La riflessione del Santo Padre ha poggiato sul Vangelo odierno, nel quale “si proclamano le Beatitudini”. La prima delle quali recita: “Beati i poveri in spirito, perché di essi è il regno dei cieli”. Un’espressione che indica coloro “che sanno di non bastare a sé stessi, di non essere autosufficienti, e vivono come ‘mendicanti di Dio’: si sentono bisognosi di Dio e riconoscono che il bene viene da Lui, come dono, come grazia”. Chi è povero in spirito, ricorda il Papa, “fa tesoro di quello che riceve; perciò desidera che nessun dono vada sprecato”. Un aspetto tipico quello di “non sprecare”. È Gesù stesso che ce ne mostra l’importanza in numerosi episodi: “Purtroppo, però, è un principio spesso disatteso, soprattutto nelle società più agiate, in cui domina la cultura dello spreco e la cultura dello scarto: ambedue sono una peste”.

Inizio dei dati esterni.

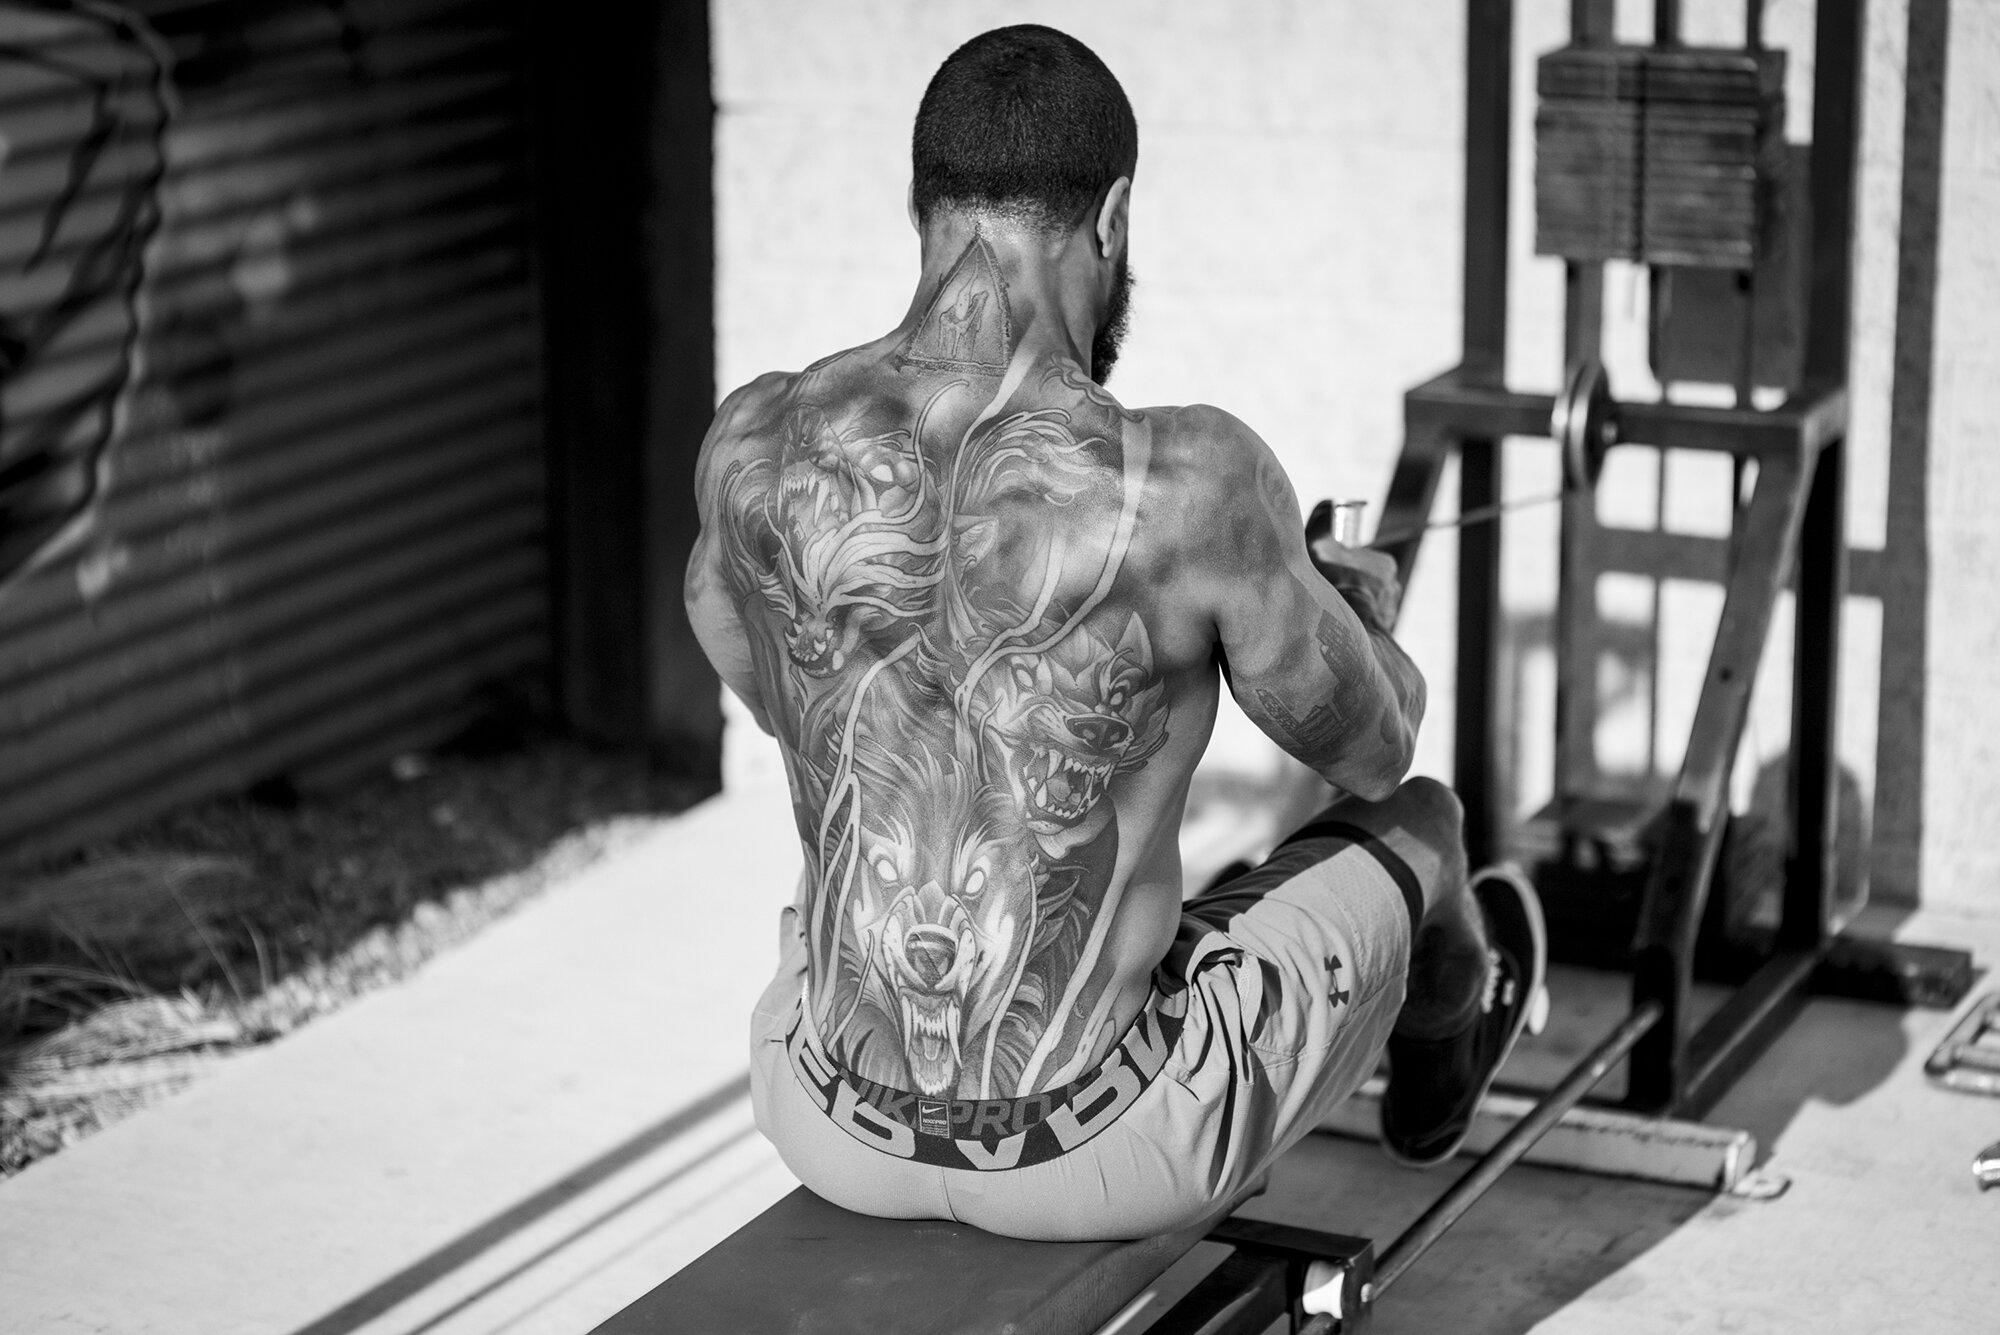  A tattooed athlete working on a back machine.

Il Pontefice propone tre sfide contro la mentalità dello spreco e dello scarto. Innanzitutto, “non sprecare il dono che noi siamo. Ognuno di noi è un bene, indipendentemente dalle doti che ha”. E ancora: “Non sprecare i doni che abbiamo. Risulta che nel mondo ogni anno vada sprecato circa un terzo della produzione alimentare totale. E questo mentre tanti muoiono di fame”. Infine, “non scartare le persone. La cultura dello scarto dice: ti uso finché mi servi; quando non mi interessi più o mi sei di ostacolo, ti butto via. E si trattano così specialmente i più fragili”. Sfide che si affrontano prima di tutto ponendosi delle domande, chiedendosi se si è in grado di far spazio a Dio di condividere con gli altri i beni che abbiamo.